MDOT: Beams to be set on Niles bridge Sept. 1

Published 9:39 am Friday, August 14, 2015

Leader photo/ANDREW MERICA Work continued Thursday afternoon on the Main Street Bridge in Niles. Despite some delays, an MDOT official says they are on track to open the bridge to traffic before the end of the year.

Leader photo/ANDREW MERICA
Work continued Thursday afternoon on the Main Street Bridge in Niles. Despite some delays, an MDOT official says they are on track to open the bridge to traffic before the end of the year.

Another big step in building the new Main Street Bridge in Niles is expected to take place at the beginning of next month.

Chris Jacobs, project engineer for the Michigan Department of Transportation (MDOT), said Wednesday that the beams would be delivered and set across portions of the bridge Sept. 1.

“That’s a pretty firm date. Something catastrophic would have to go wrong not to make that date,” he said.

The approximately 120-foot long beams will be delivered by semi and immediately placed horizontally over the appropriate abutment and piers.

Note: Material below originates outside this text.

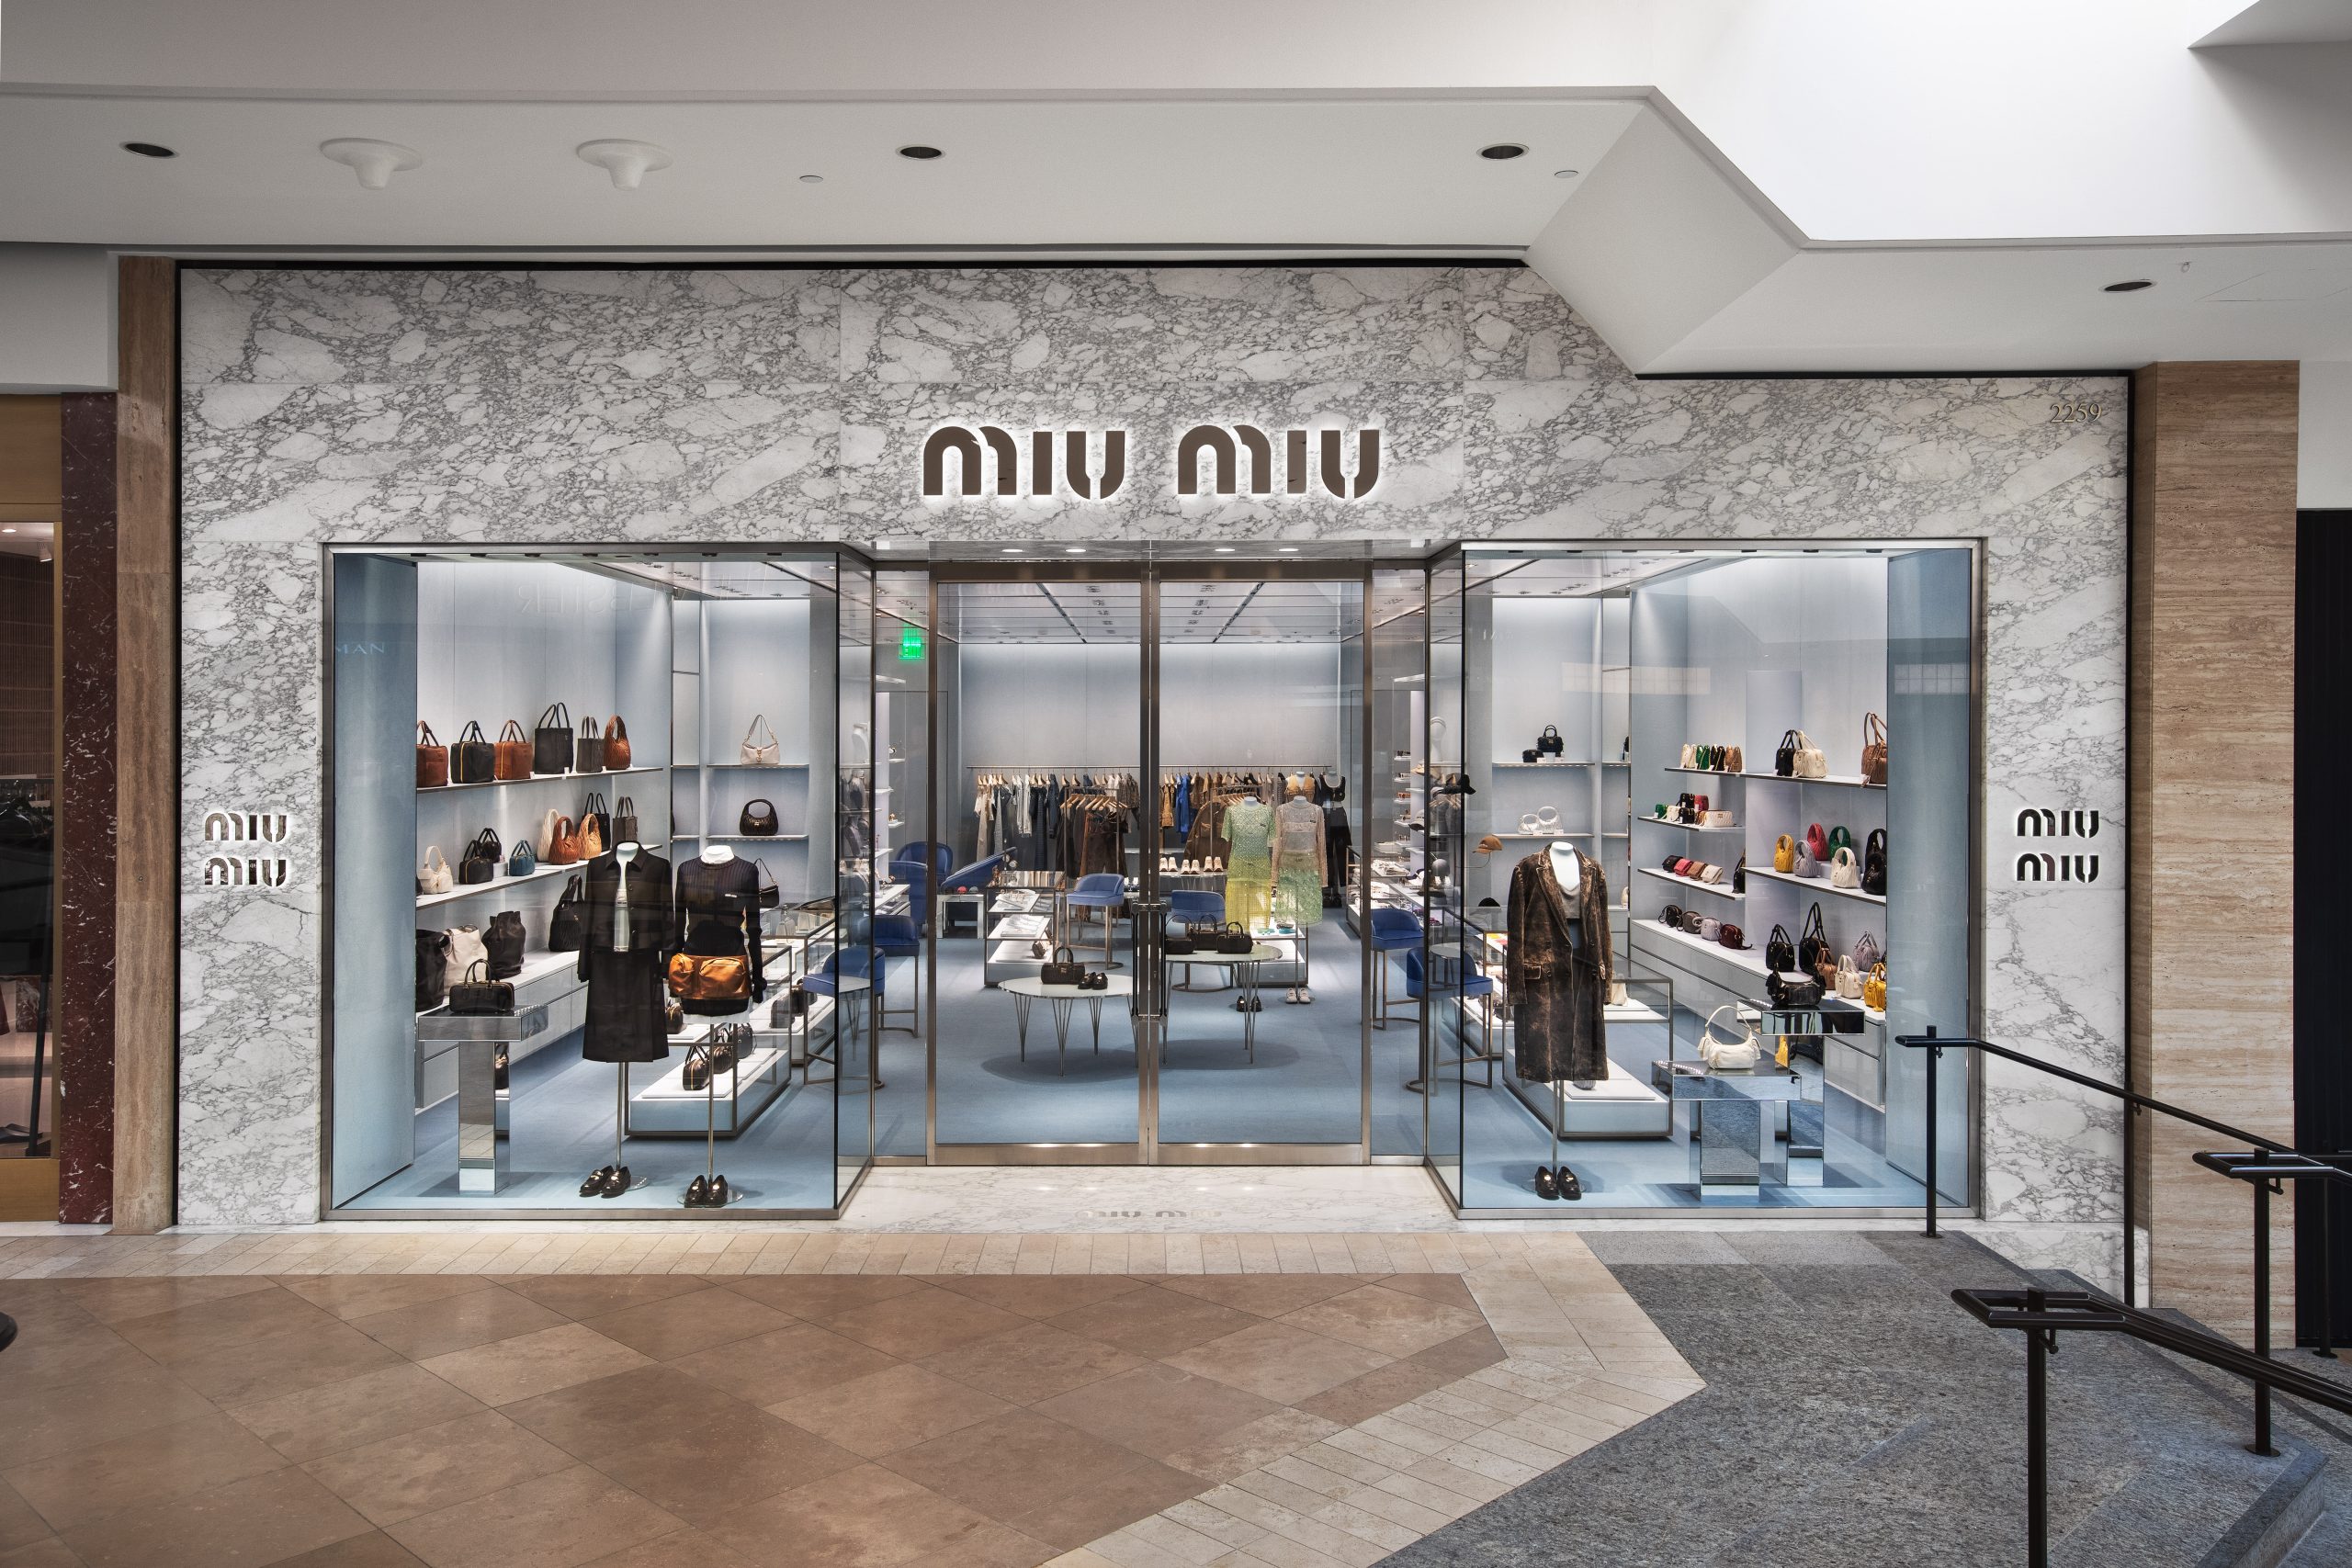 New shoe line launches at South Coast Plaza – Orange County Register

Jacobs said they are still trying to determine on what side of the bridge the beams will be delivered. He said they would likely be delivered on the west side with the trucks coming down Niles Buchanan Road, although nothing was set in stone as of Wednesday afternoon.

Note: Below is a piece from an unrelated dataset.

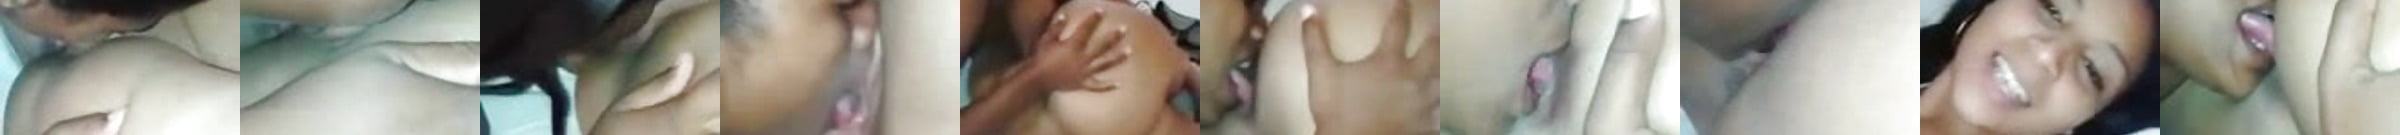 Dominican Lesbian Action Free Lesbian Alohatube Porn Video

Work on the $10.6 million MDOT project to replace the 90-year-old Main Street Bridge began in October.

MDOT officials originally set an open-to-traffic date for mid November of this year. Jacobs said they are still about two to three weeks behind schedule, but are making steady progress.

“We are looking still at opening to traffic either the last week of November or first week of December,” he said.

Over the next two weeks, Jacobs said people can expect to see workers focusing their attention on pouring the concrete footing and wall for the abutment on the west side of the river.

It may be difficult to see it happening, he said, because workers will be inside the water-tight cofferdam, which is made up of large sheet pilings driven into the soil by a diesel hammer.

Jacobs said workers finished driving the pilings last week.

Workers also finished building the wing wall on the finished abutment on the east side of the river. The wing wall serves as a retention system for the bridge.